A HIGH COURT judge has dismissed a complaint by the National Gas Company (NGC) of a preliminary decision made by the sole arbitrator in its claim against Super Industrial Services (SIS) over the termination of the $400 million contract for the failed Beetham Water Treatment Plant.

On Tuesday, Justice Eleanor Donaldson-Honeywell dismissed NGC’s complaint of the arbitrator’s preliminary finding on the appointment of an engineer by the company who assessed the quantum of the failed contract.

In a separate challenge, one brought by SIS, of two preliminary rulings of the arbitrator, she only partially upheld one of the company’s complaints.

In its challenge, SIS sought to appeal the arbitrator’s dismissal of its complaint about her appointment. SIS questioned if the proper procedure was used to appoint the arbitrator. Its second complaint also involved the appointment of the engineer by NGC to provide assessments.

The latter was partially upheld by the arbitrator, who ruled the engineer was not properly appointed, since the NGC did not comply with the contractual terms to replace the initial engineer.

However, the arbitrator, in ruling against SIS, prompting its complaint to the High Court, held that a determination by an engineer was not a condition to NGC’s right to submit a claim for arbitration.

In her separate ruling on Tuesday, Donaldson-Honeywell dismissed SIS’s first complaint but sent the second back to the arbitrator to reconsider whether a determination by the engineer was a condition for NGC’s arbitration claim.

In the NGC’s complaint, the judge said, “On careful scrutiny, there is no detectable error in law on the face of the record in the arbitrator’s construction of the contractual provisions governing replacement of the engineer.

“Her reasoning on this point is characterised by counsel for SIS as impeccable. I agree. The relevant clauses of the contract are, in the first instance, amenable to the plain English construction placed by the arbitrator on the wording.”

She added, “The mere fact that a contractual procedure does not provide for every specific conceivable event does not permit the parties or the court to ignore its contractual meaning. In all the circumstances, the more viable textual, contextual, and purposive construction of the relevant clauses is the one determined by the arbitrator in her award.”

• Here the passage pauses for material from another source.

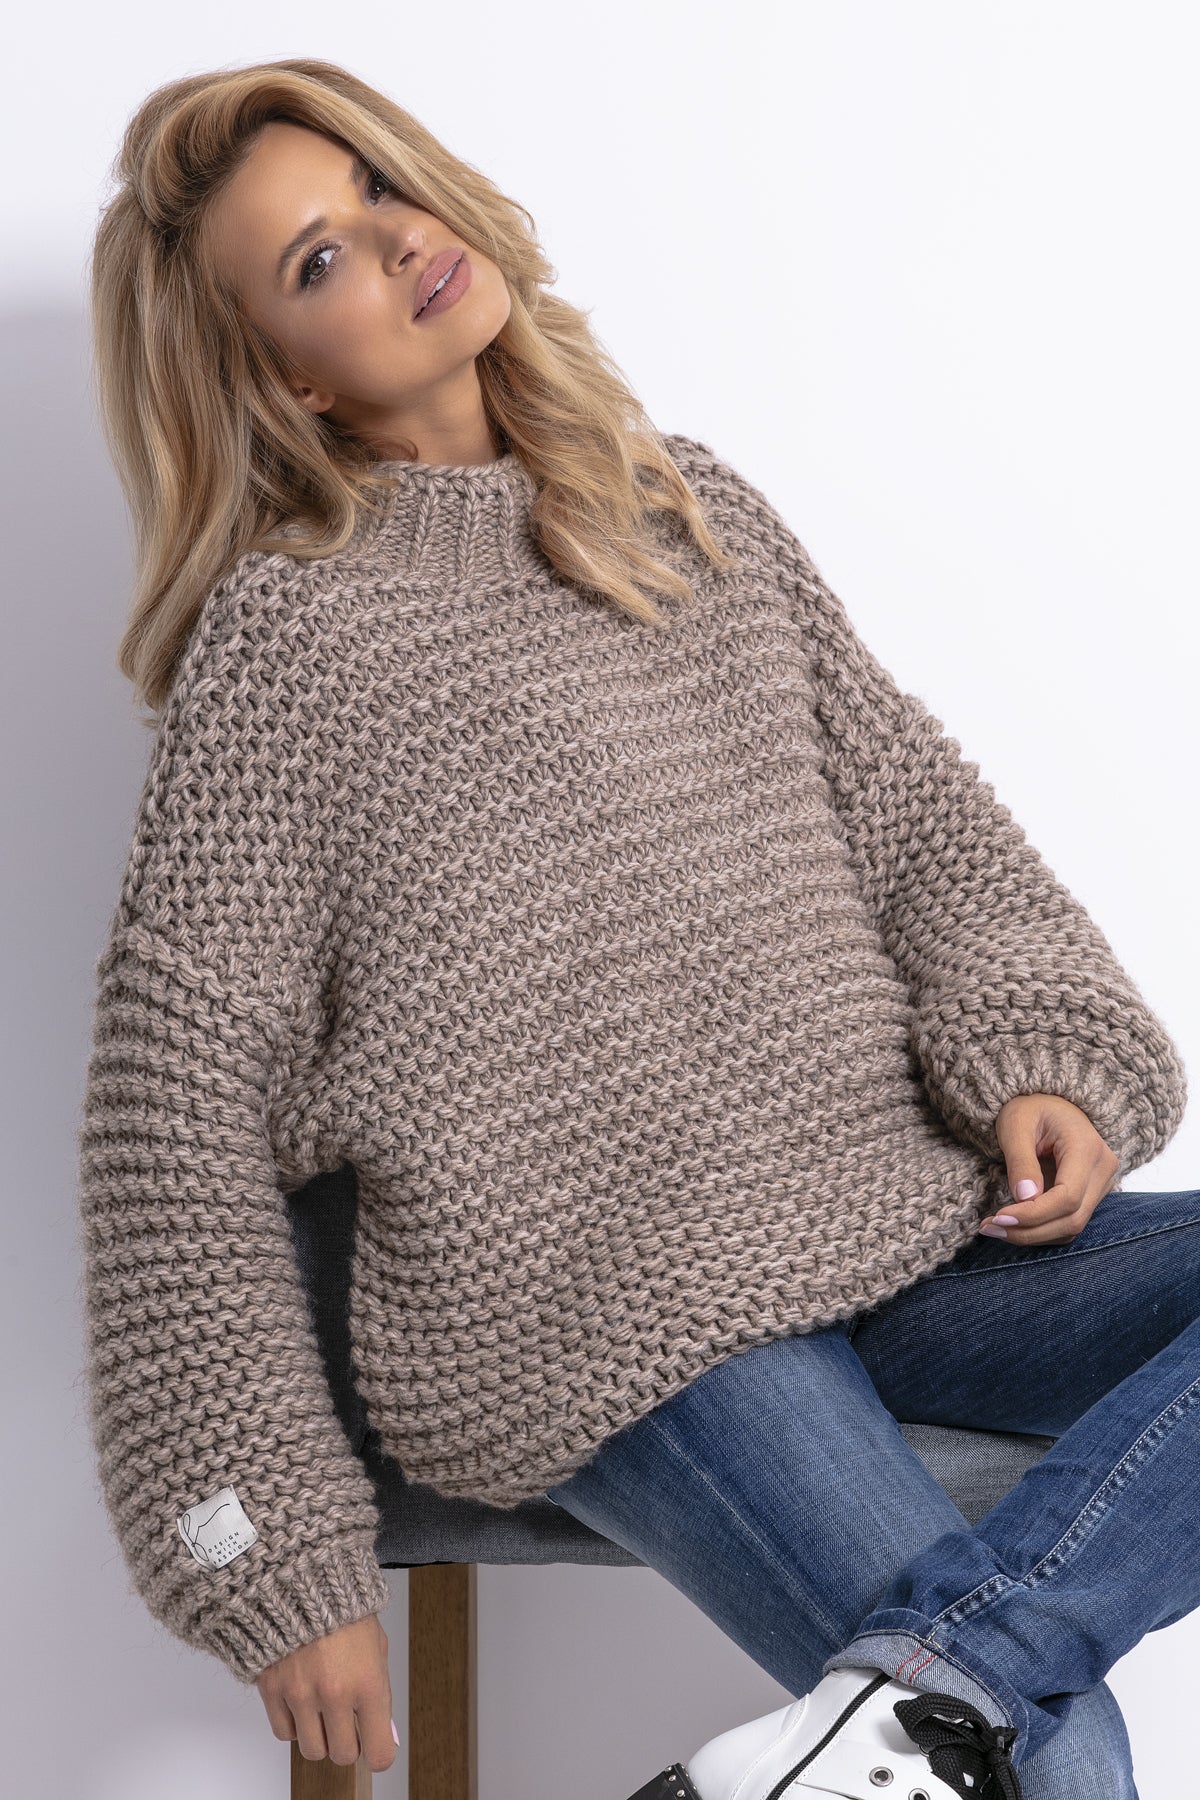 Oversize chunky knit sweater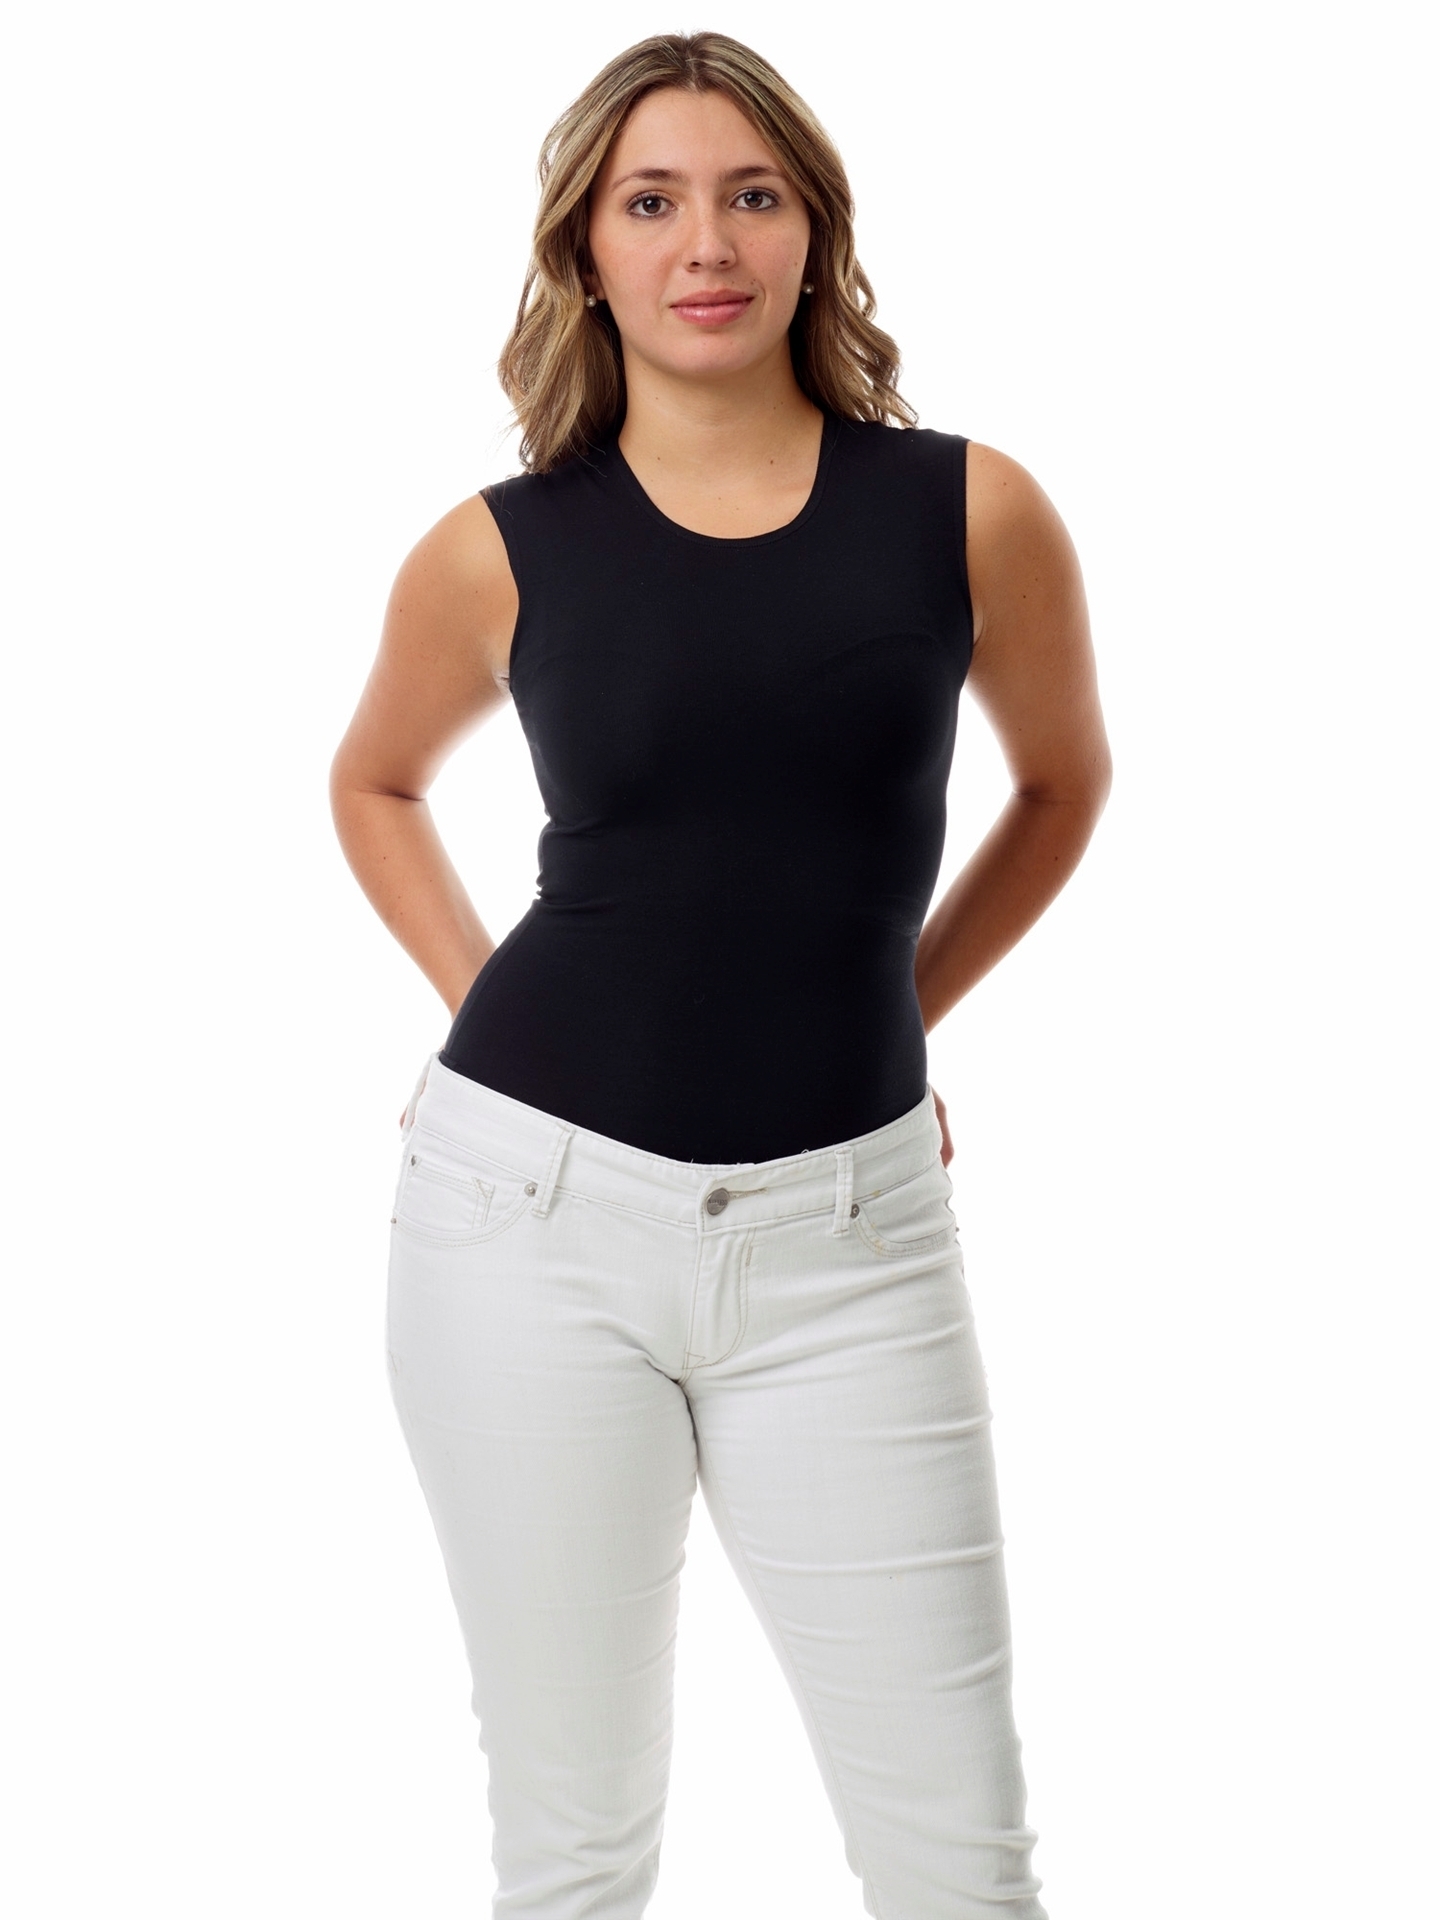 Underworks Womens Ultra Light Cotton Spandex Sleeveless Compression Top -  Black - S

In SIS’s complaint, Donaldson-Honeywell held its challenge to the arbitrator’s appointment failed, while its second challenge succeeded in part as the arbitrator’s finding that the engineer’s determination of NGC’s claim was not a condition for it to advance its claim was “an error of law.”

“There is no specific timeframe for the engineer’s determination…Issues regarding finalisation, revision or preparation anew of an engineer’s determination can be addressed in the arbitration proceedings.”

She said the engineer appointed by NGC was to be accepted and there will be no need for a new determination by another engineer for the arbitration proceedings.